> _WORK ORDER_: Please give back the listing below word for word, without the images.

> _COLLECTED DATA_:
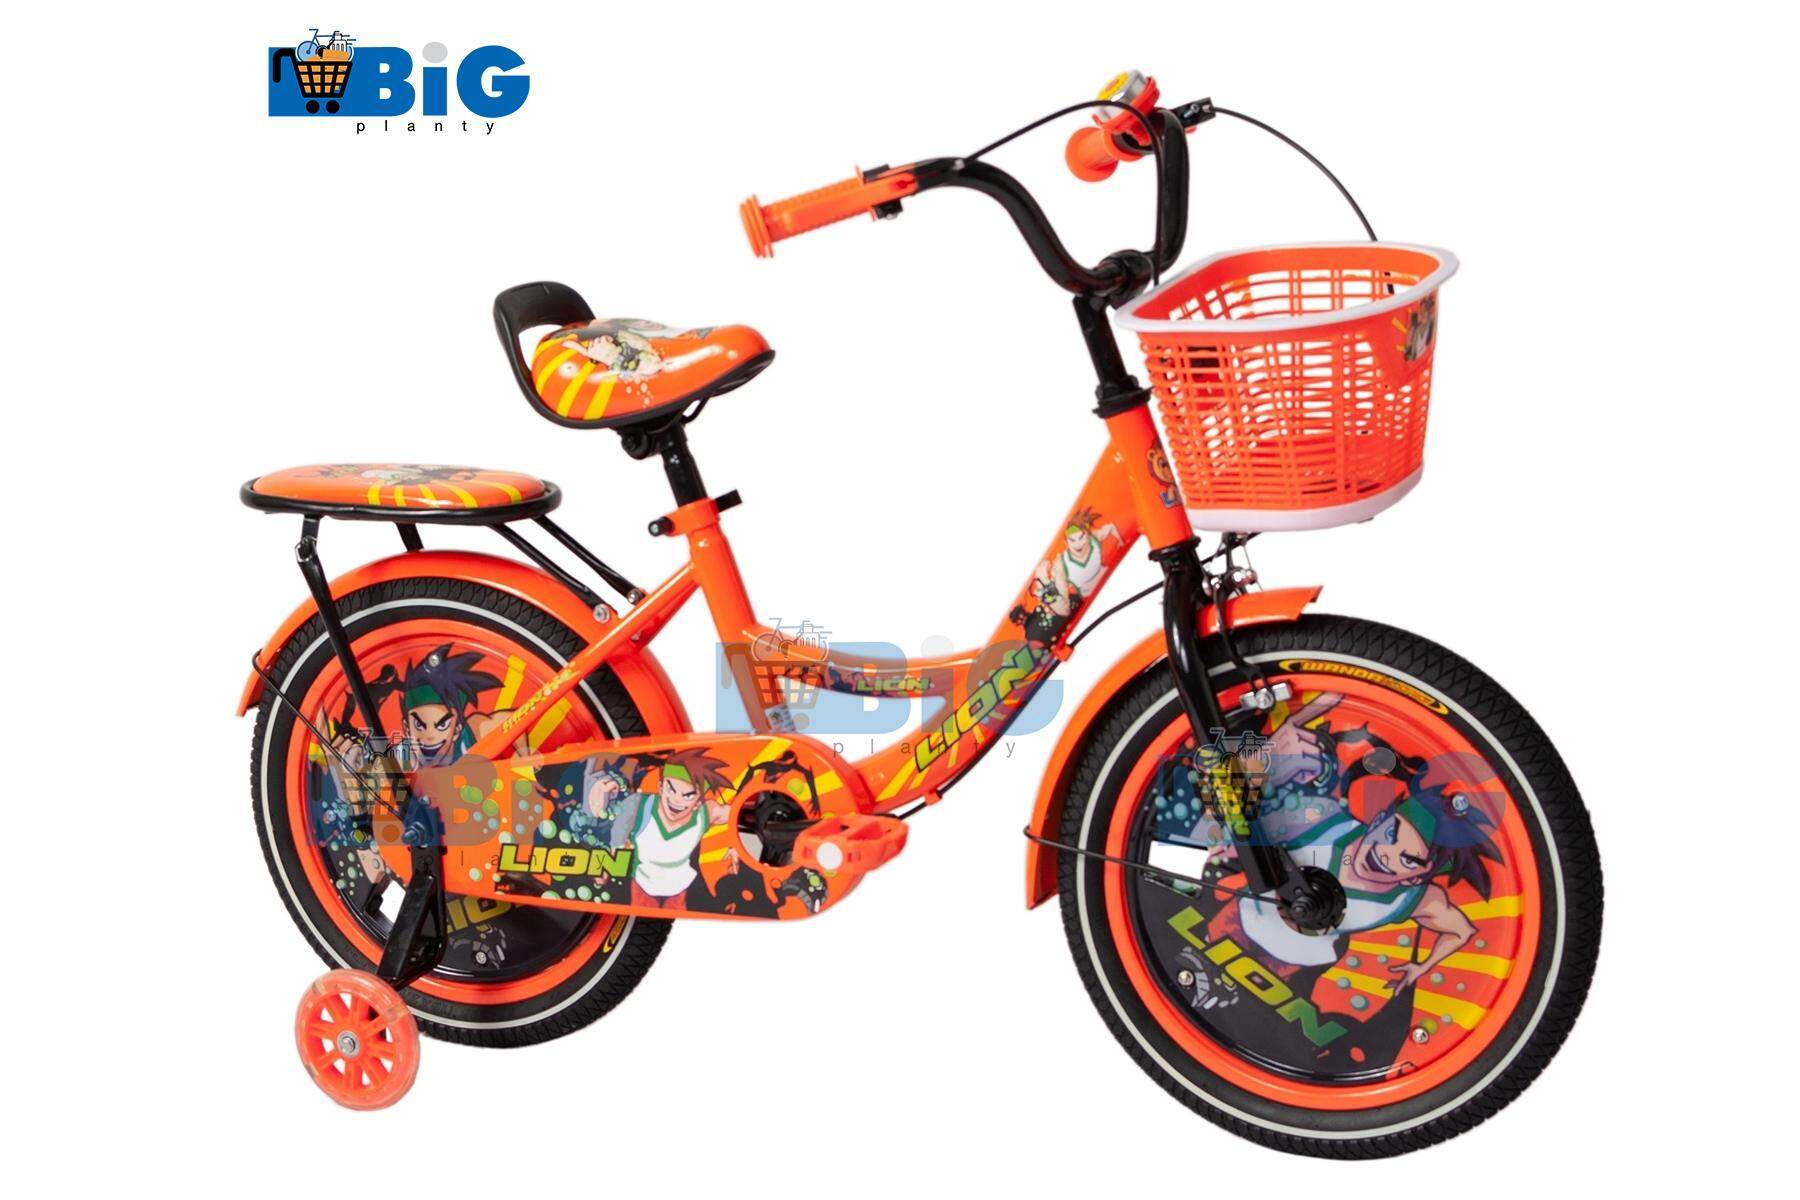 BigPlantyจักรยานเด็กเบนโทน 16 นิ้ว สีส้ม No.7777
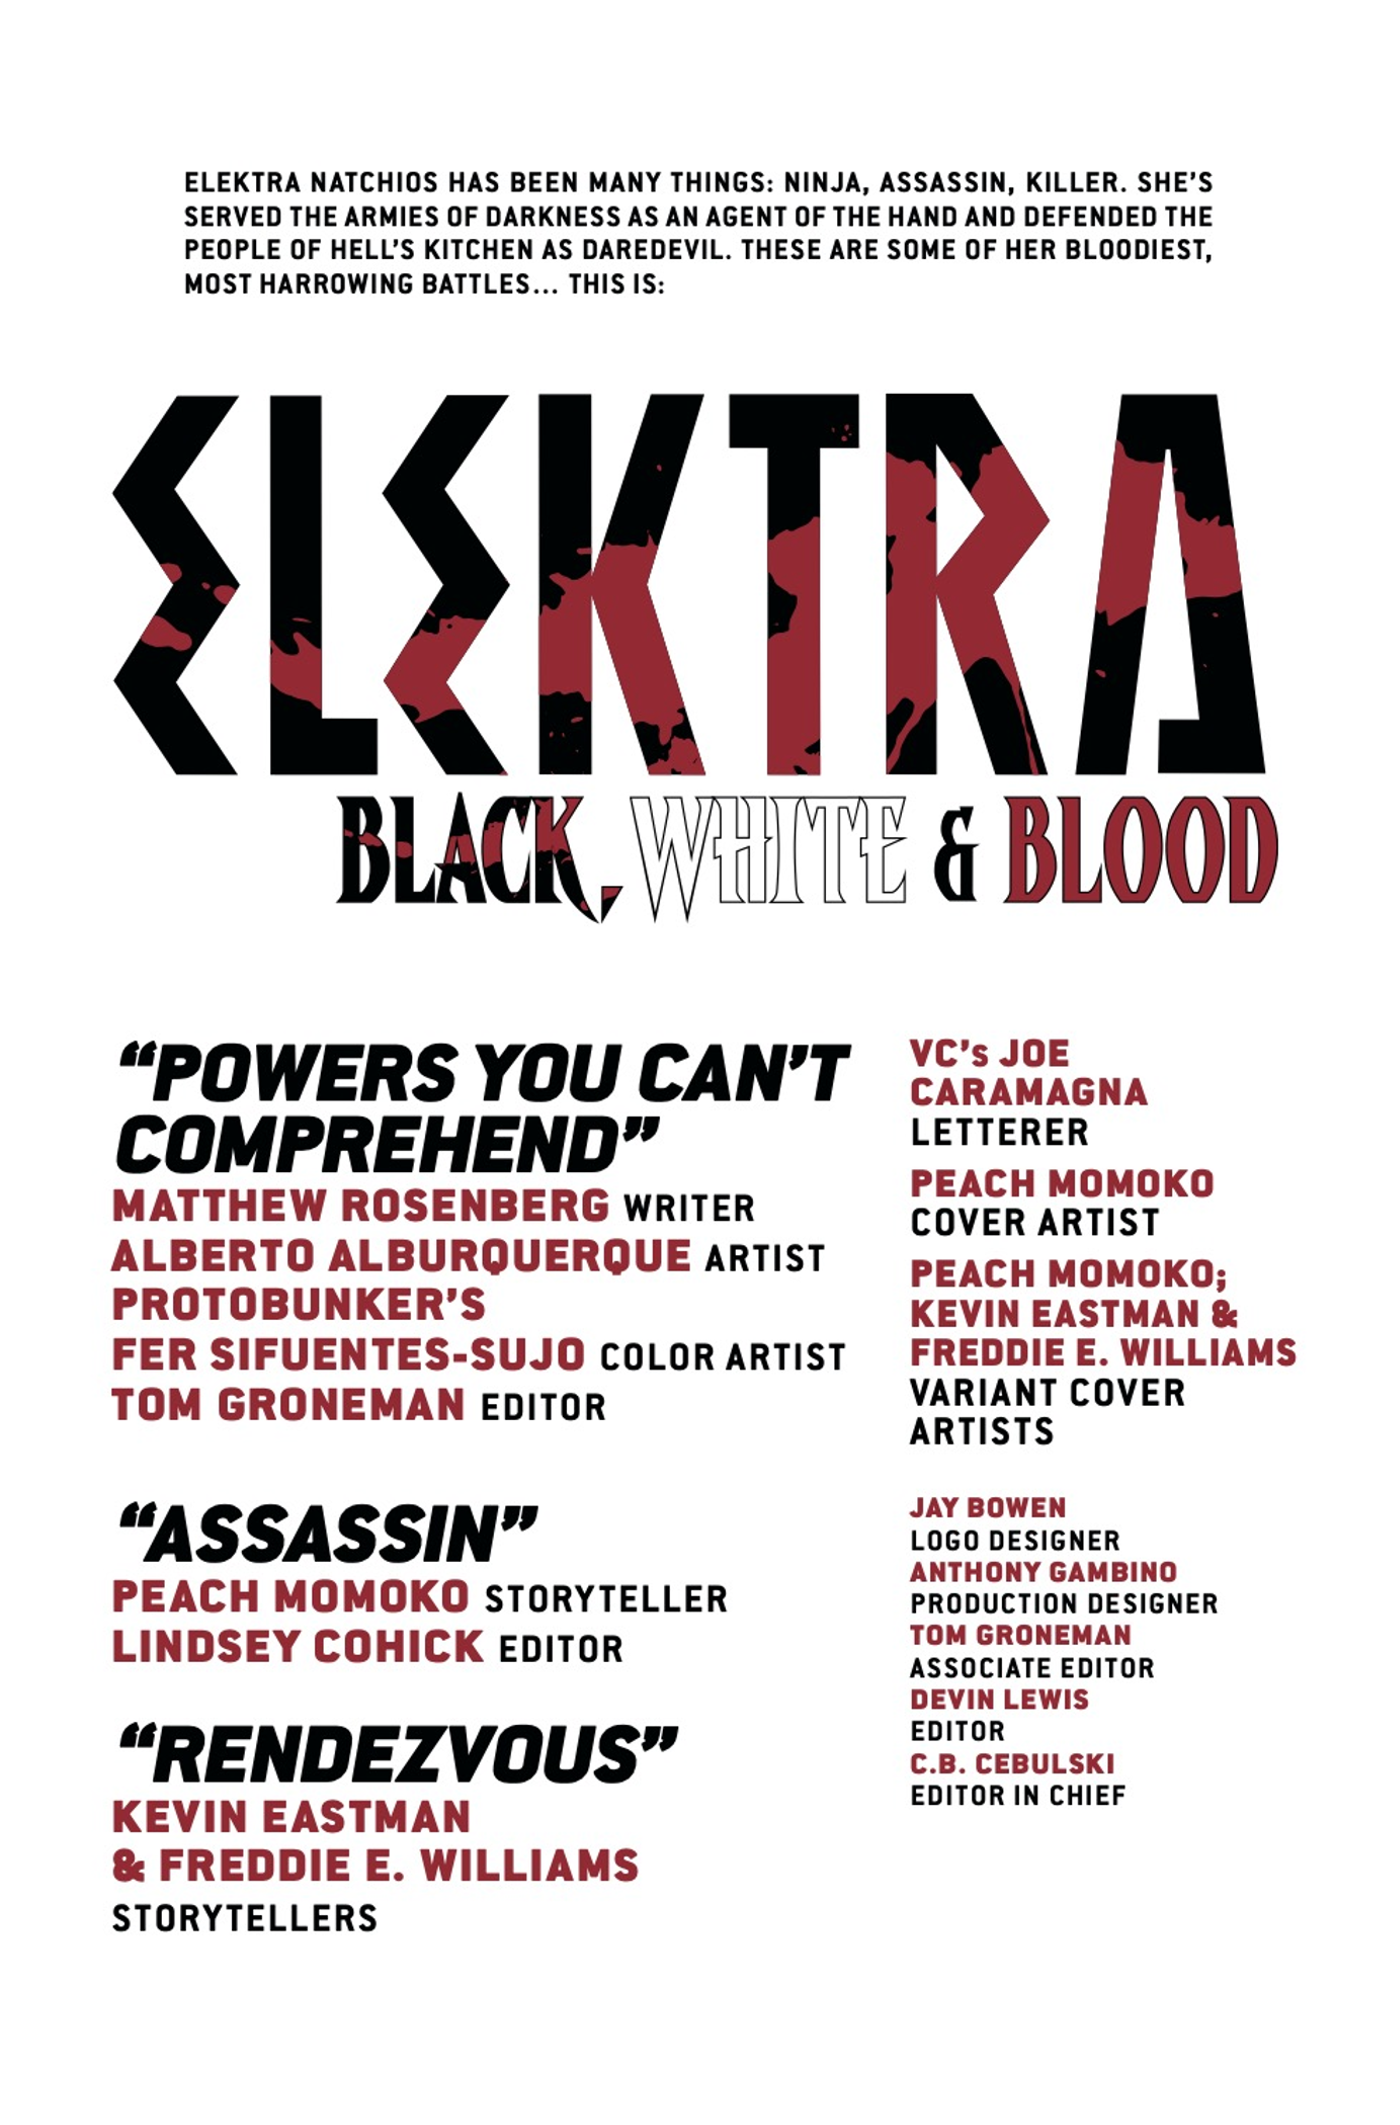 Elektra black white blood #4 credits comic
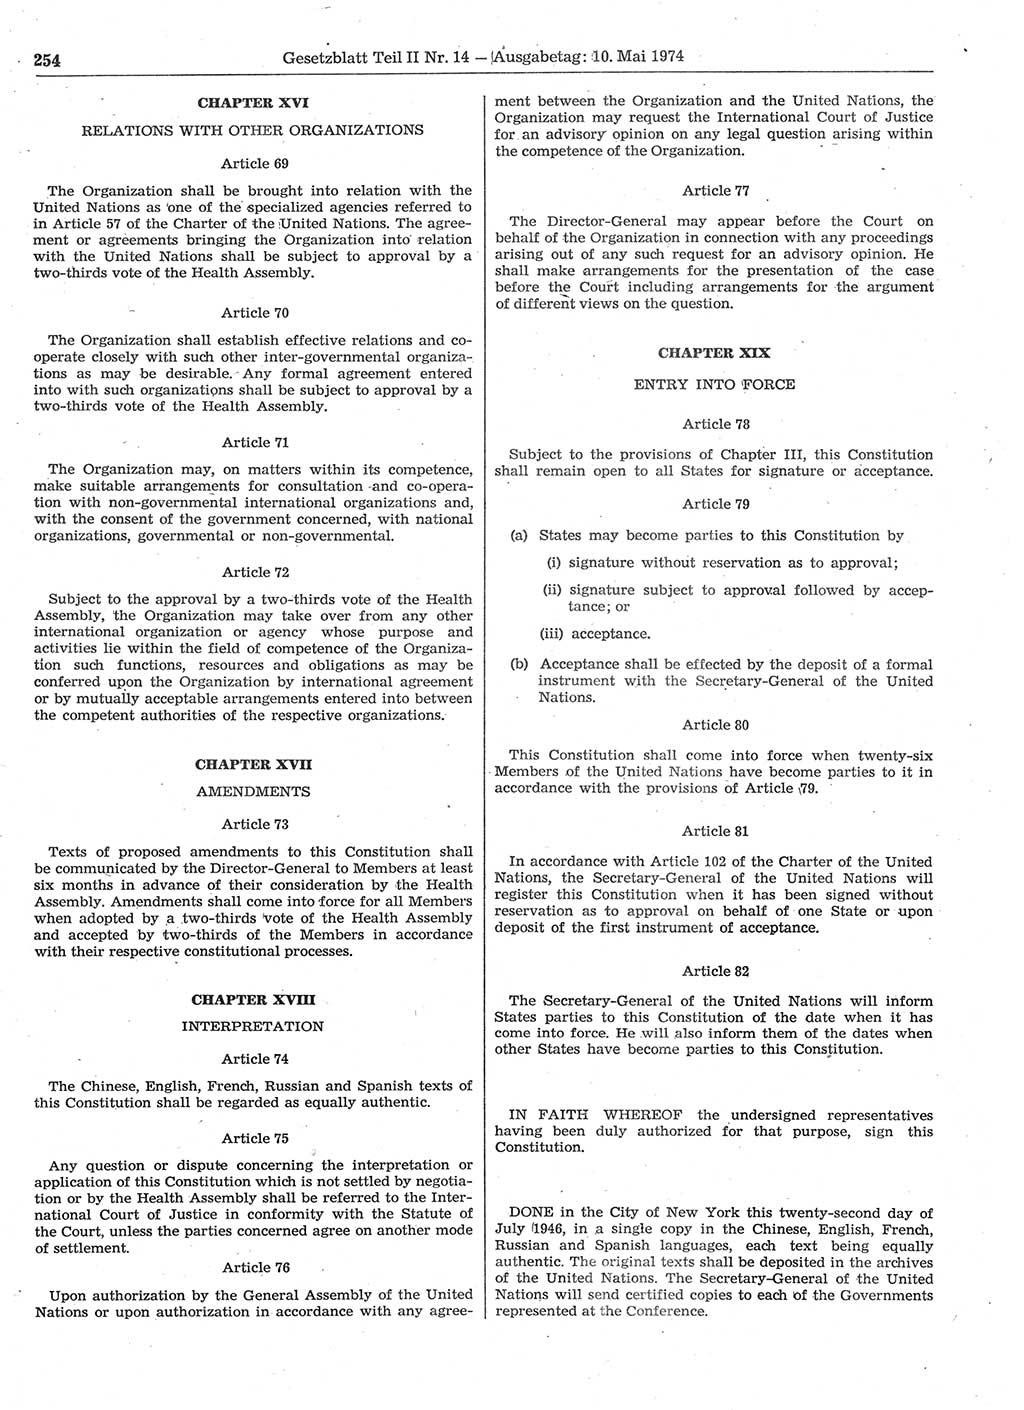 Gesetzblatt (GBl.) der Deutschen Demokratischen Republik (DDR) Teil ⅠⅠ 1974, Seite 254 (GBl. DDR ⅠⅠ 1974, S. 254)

> _COMPLETED TASK_:
 BigPlantyจักรยานเด็กเบนโทน 16 นิ้ว สีส้ม No.7777
 Elektra black white blood #4 credits comic
 Gesetzblatt (GBl.) der Deutschen Demokratischen Republik (DDR) Teil ⅠⅠ 1974, Seite 254 (GBl. DDR ⅠⅠ 1974, S. 254)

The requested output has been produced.